As more electric vehicles come onto the market, there will be an exponential growth in the number of EV batteries reaching end of life and requiring recycling. With EU regulation mandating that 90% of copper, cobalt and nickel and 35% of lithium must be recycled from used EV batteries by 2025 (95% and 70% respectively by 2030), the role of battery recycling will be critical to mobility transformation – as a major source of supply for battery materials and in the creation of a circular battery value chain.
Umicore’s battery recycling expertise and long-standing competences in hydro- and pyrometallurgy recycling processes place Umicore in a unique position to meet the needs of automotive manufacturers and the wider EV supply chain. And to support the circularity of mobility transformation, our closed-loop business model is a powerful strategic differentiator.
After intensive research and piloting activities, we are introducing our latest generation recycling technology, combining proprietary state-of-the-art pyro- and hydro-metallurgical processes to recycle a wide variety of batteries and production scrap materials in the most sustainable way. Our proprietary technology,, is a significant step-up in recycling performance, with increased extraction efficiency of cobalt, nickel and copper to reach over 95% yield for a wide variety of battery chemistries. This includes the capability to recover most of the lithium in EV batteries, solving a key constraint in existing recycling capacity.

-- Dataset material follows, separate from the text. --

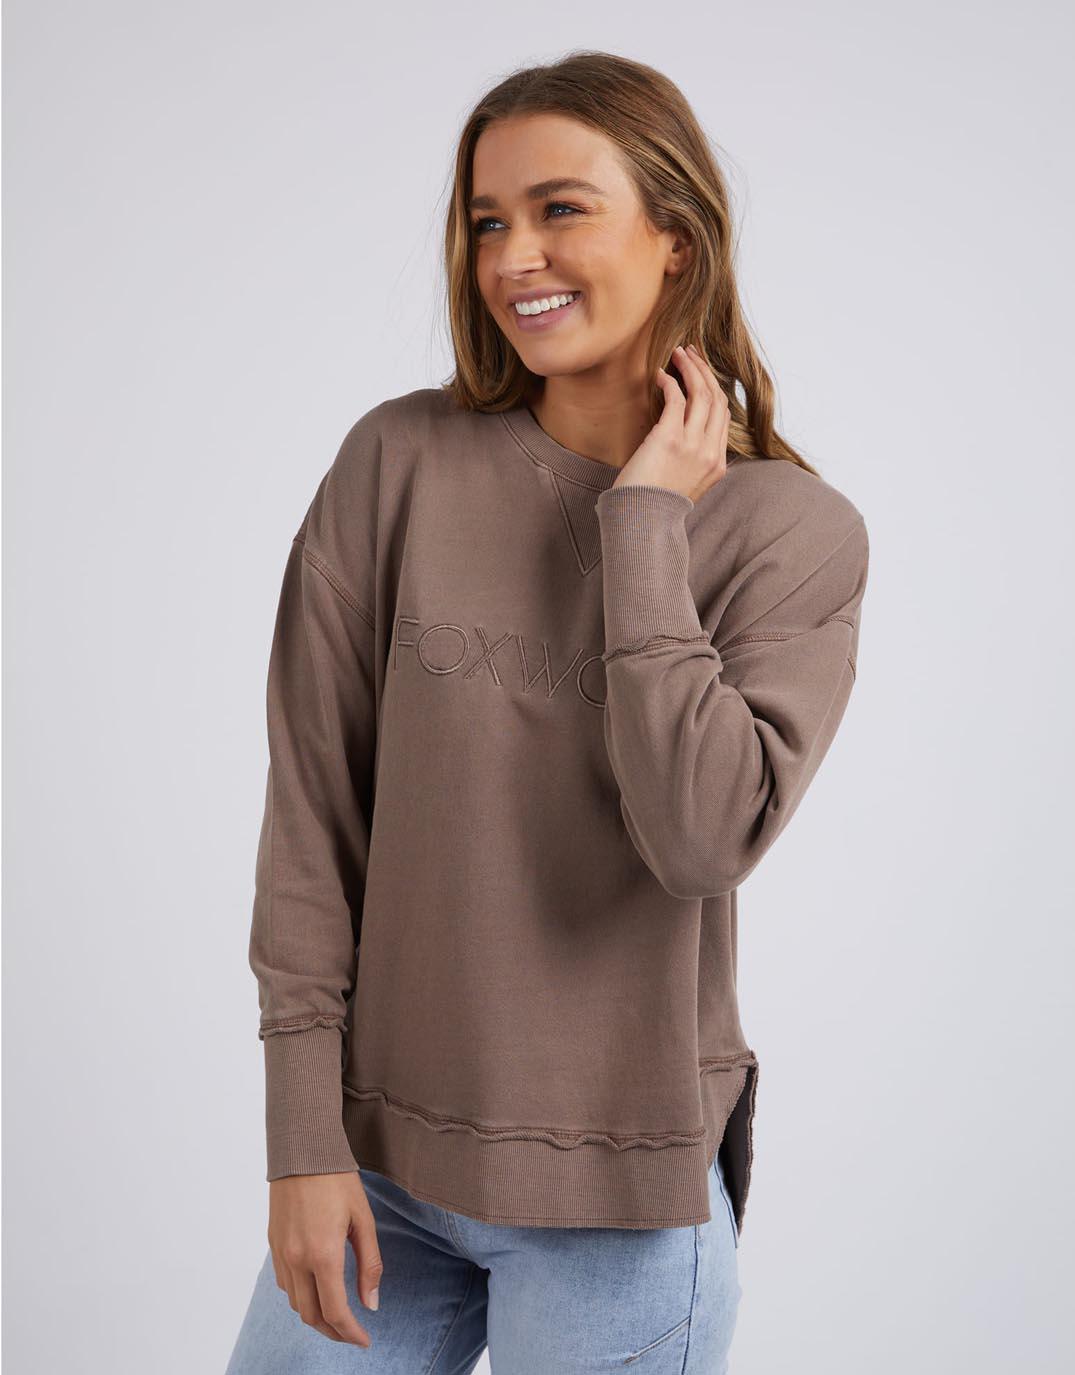 Foxwood - Simplified Crew - Chocolate Brown - White & Co Living Jumpers

As recycled metals have to compete against virgin materials for cost-efficiency, our battery recycling innovations are focused on achieving the highest yields with 20%-30% lower capital investment costs compared to other technologies. In addition, our innovation is focused on supplying recycled content that is future-proof for legislation, ensuring traceability (battery passport - link) and battery-grade quality for the production of new lithium-ion batteries.
What’s more, our technology is highly scalable, allowing us to expand our capacity in line with market demand.
With minimal waste and impact on the environment, this next-generation recycling technology will be vital for the surge in EV adoption, putting Umicore in a strong position to forge commercial partnerships in the EV value chain.